The Atkinson Center for a Sustainable Future’s Academic Venture Fund awarded $1.8 million in 2017, with a record 15 grants to seed novel approaches to some of the world’s greatest sustainability challenges.
Several Atkinson teams are exploring new ways to promote planetary health for the well-being of humans, animals and ecosystems. Cornell’s new Master of Public Health (MPH) – an interdisciplinary degree program begun in fall 2017 – is co-sponsoring three projects, thanks to a gift from David Atkinson.
Atkinson research teams will work for New York state, finding ways to remediate lakes with legacy pollutants, helping dairy and cattle farmers reduce antibiotic use while protecting their livelihoods, and improving rural resilience as solar development comes to farming communities. Two teams will refine Cornell’s Earth Source Heat technology, which aims to bring clean geothermal heat to the Ithaca campus by 2035.
In support of Engaged Cornell, Atkinson is promoting undergraduate contributions to AVF research. Project teams involved with community-engaged research can apply for $10,000 of student research funding through the Office of Engagement Initiatives.
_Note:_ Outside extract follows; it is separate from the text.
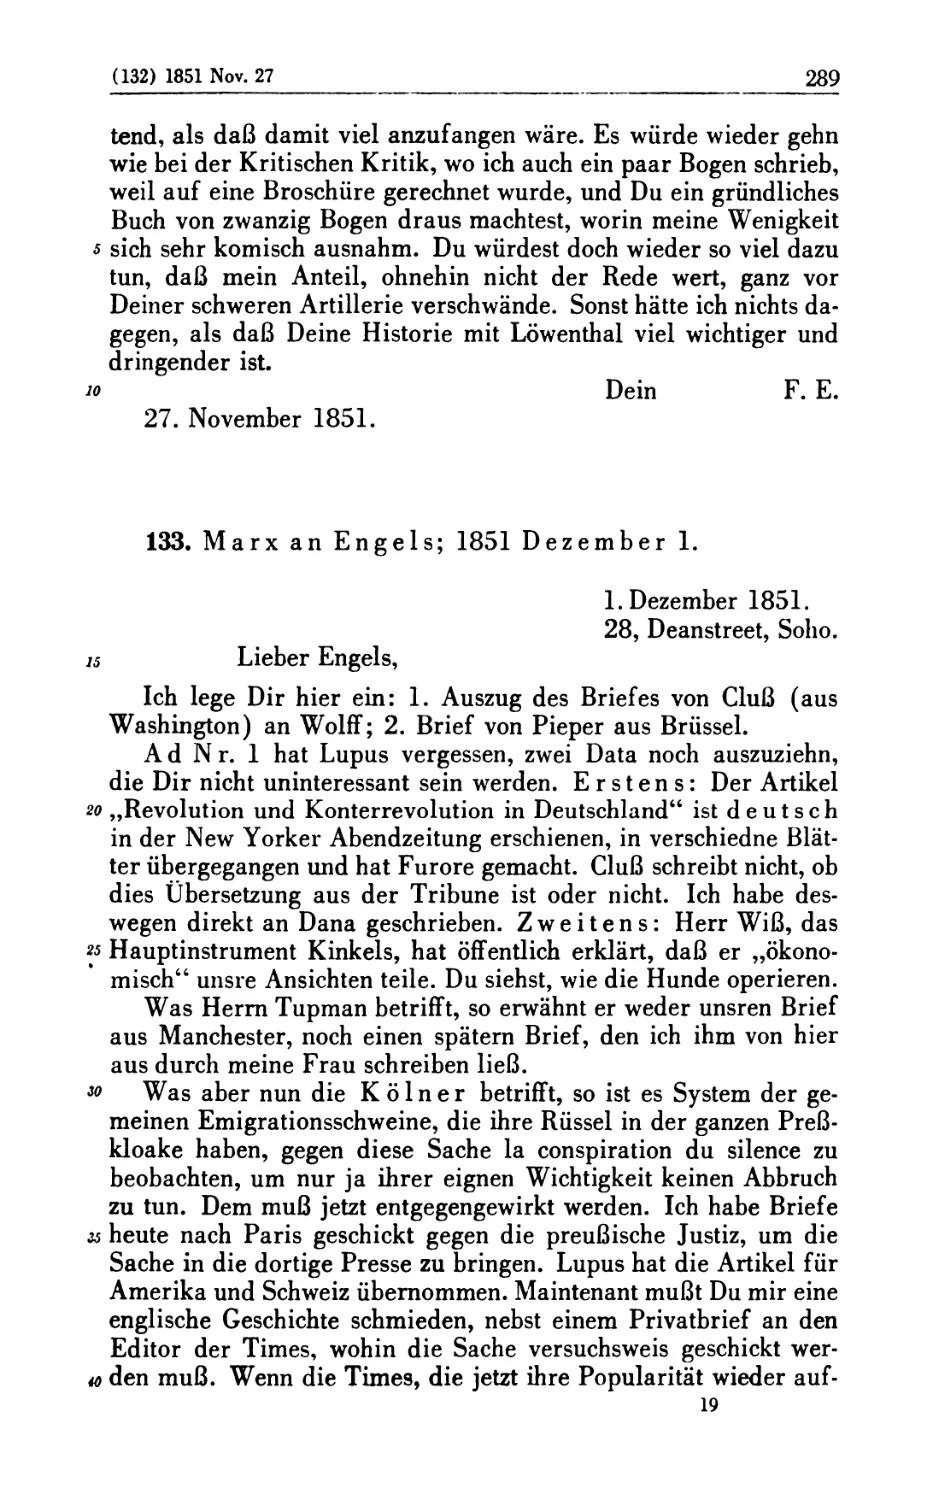 133. Marx an Engels; 1851 Dezember 1

Greening the Grid: Some U.S. fossil fuel power stations primarily run during periods of high cooling demand. The output from these “peaker” plants is relatively inefficient, producing higher emissions. Ground source heat pumps, which harness the Earth’s heating and cooling energy, could help an integrated energy grid meet periods of peak demand with renewable energy. Currently in the testing phase, a geothermal system with ground source heat pumps will be coming to Cornell, using the Ithaca campus as a living laboratory to test the technology.
Investigators: C. Lindsay Anderson, biological and environmental engineering; Jefferson Tester, chemical and biomolecular engineering; Michal Moore, chemical and biomolecular engineering; Mark Milstein, Cornell SC Johnson College of Business, Johnson; Tim Mount, Energy Institute at Cornell.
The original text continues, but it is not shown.